The stars are aligning at Walt Disney's (DIS -0.04%) largest theme park resort this week. Star Wars: Galactic Starcruiser -- a richly priced and heavily themed lodging attraction -- opens for its first paying "passengers" on Tuesday. It's a bar-raising journey in terms of price points and immersive storytelling experiences, and that's saying a lot since a stay in general at Disney World in Florida isn't cheap or drab in its ability to spin yarn. 

The two-night Star Wars-themed adventure will set a party of two back at least $4,809, with additional guests staying in the same cabin paying less on average if they're fine with twin-sized bunk beds. It's a lot of money, and naturally there's been a lot of bellyaching on social media since pricing was announced last year. The cadence of the boo birds stepped up on Friday when an embargo was lifted on coverage from a press junket where influencers and journalists got a taste of the simulated space journey.

This will pass.
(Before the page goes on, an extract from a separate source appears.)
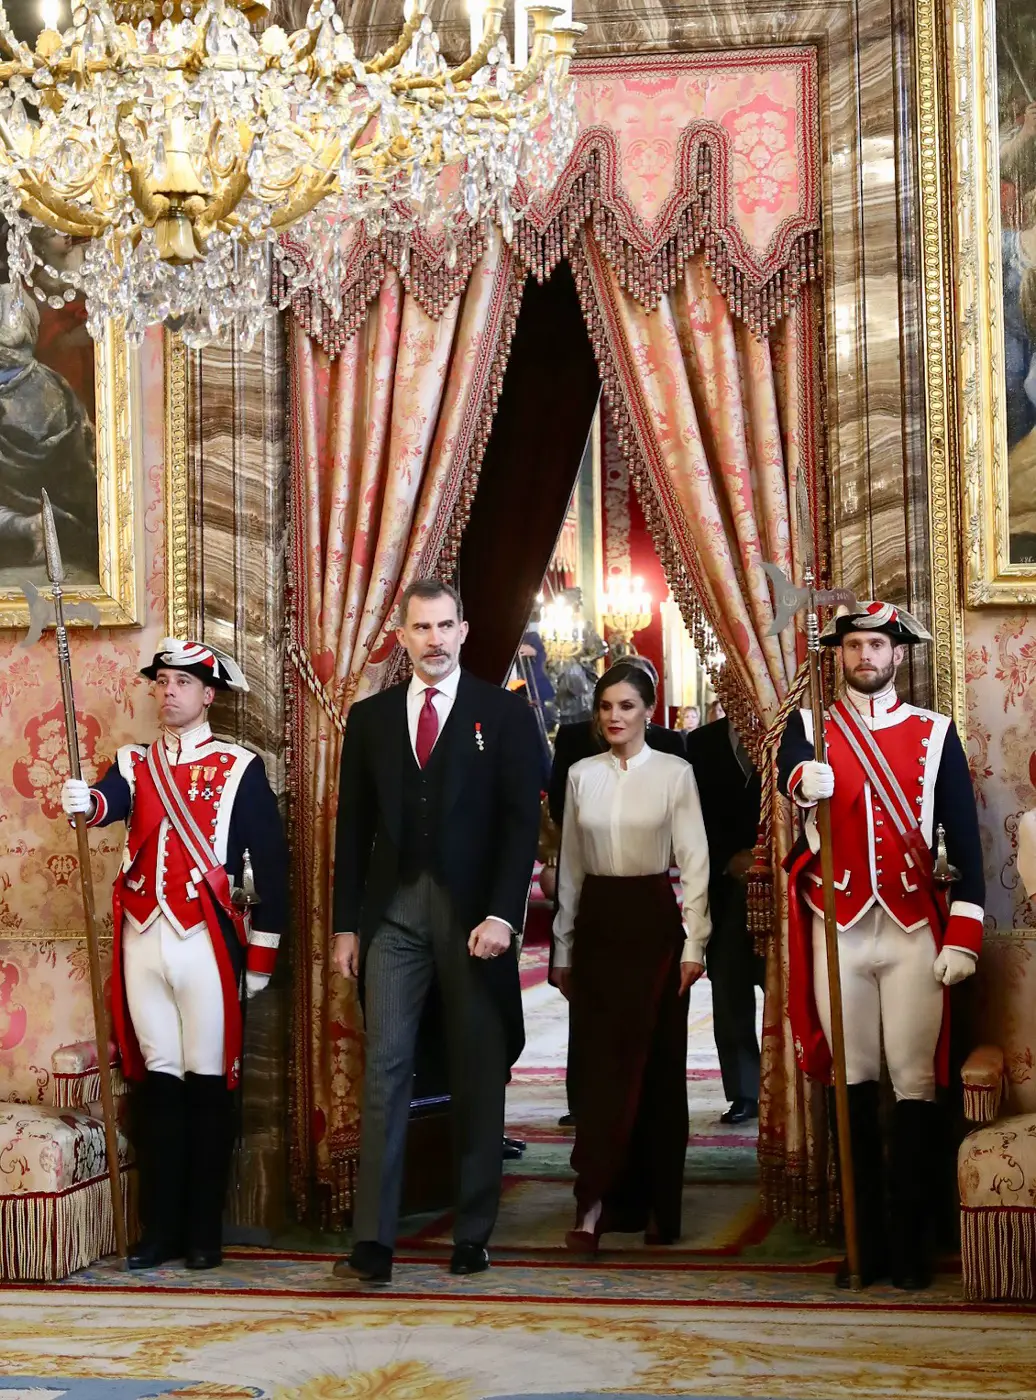 Queen Letizia of Spain in red and white for annual Diplomatic Reception in 2019

Paying customers will be more blunt when the "maiden voyage" takes off on Tuesday. It won't be everybody's cup of tea, but work the math and you'll see how successful Star Wars: Galactic Starcruiser will be. It won't take much to make the next-gen interactive adventure a hit. Fans and investors alike will want to see what happens next.  

Guests entering the Halcyon lobby.

Image source: Disney.

There's no use crying over spilled blue milk  

Why I am so confident about the success of a platform that has yet to officially launch? Let's run the numbers. There are just 100 smallish cabins available on Star Wars: Galactic Starcruiser. Let's say they average three guests per room for the two-night experience. We're talking about 300 new guests checking in every other day, or less than 55,000 people experiencing the new lodging offering a year. 

Disney World's four theme parks attracted an estimated 58.3 million visitors in 2019. If just 0.1% of them have the means and the desire to weave themselves into the two-day story arc at Star Wars: Galactic Starcruiser it will be sold out. Even if we max out capacity, you're talking about less than 0.2% of the annual turnstile clicks. 

One can argue that the industry estimate of 58.3 million guests isn't an exact count of individual visitors. It's how many guests entered a park, and naturally that includes people on multiday and annual passes making more than a single visit. OK, I have a better metric. There are more than 36,000 rooms on Disney World property. Tuesday's debut represents less than 0.3% of them. 

All cabins for the first two months of operation are sold out. There is sparse weekday availability in May, with wider booking opportunities currently starting in July. This doesn't mean that the costly new venture is a lock. Paying customers won't be universally happy. Disney will also have to make sure the optionality expands and the experience evolves if it wants guests to come back again.

Your aim would still be worse than a Stormtrooper if you think Disney will fail. This isn't an experience for 99.7% of Disney World visitors, and I can assure you that it is in their best interest for the experience to succeed. Let a niche experience for the wealthy succeed, and the next immersive lodging experience can have a lot more rooms at a much more accessible price point. That will never happen if Disney has to shift this starship in reverse.

Disney is going to make a fair amount of money on Star Wars: Galactic Starcruiser. We're talking about more than $80 million a year just in lodging revenue. There will be merchandising opportunities, and premium add-ons beyond the included meals and amenities.  It's going to cost a lot to operate -- and it wasn't cheap to whip up -- but it's a foot in the sliding Halcyon door for the class act of leisure stocks. Root against Star Wars: Galactic Starcruiser if you wish, but you will probably be better served dreaming of what will come next after it succeeds.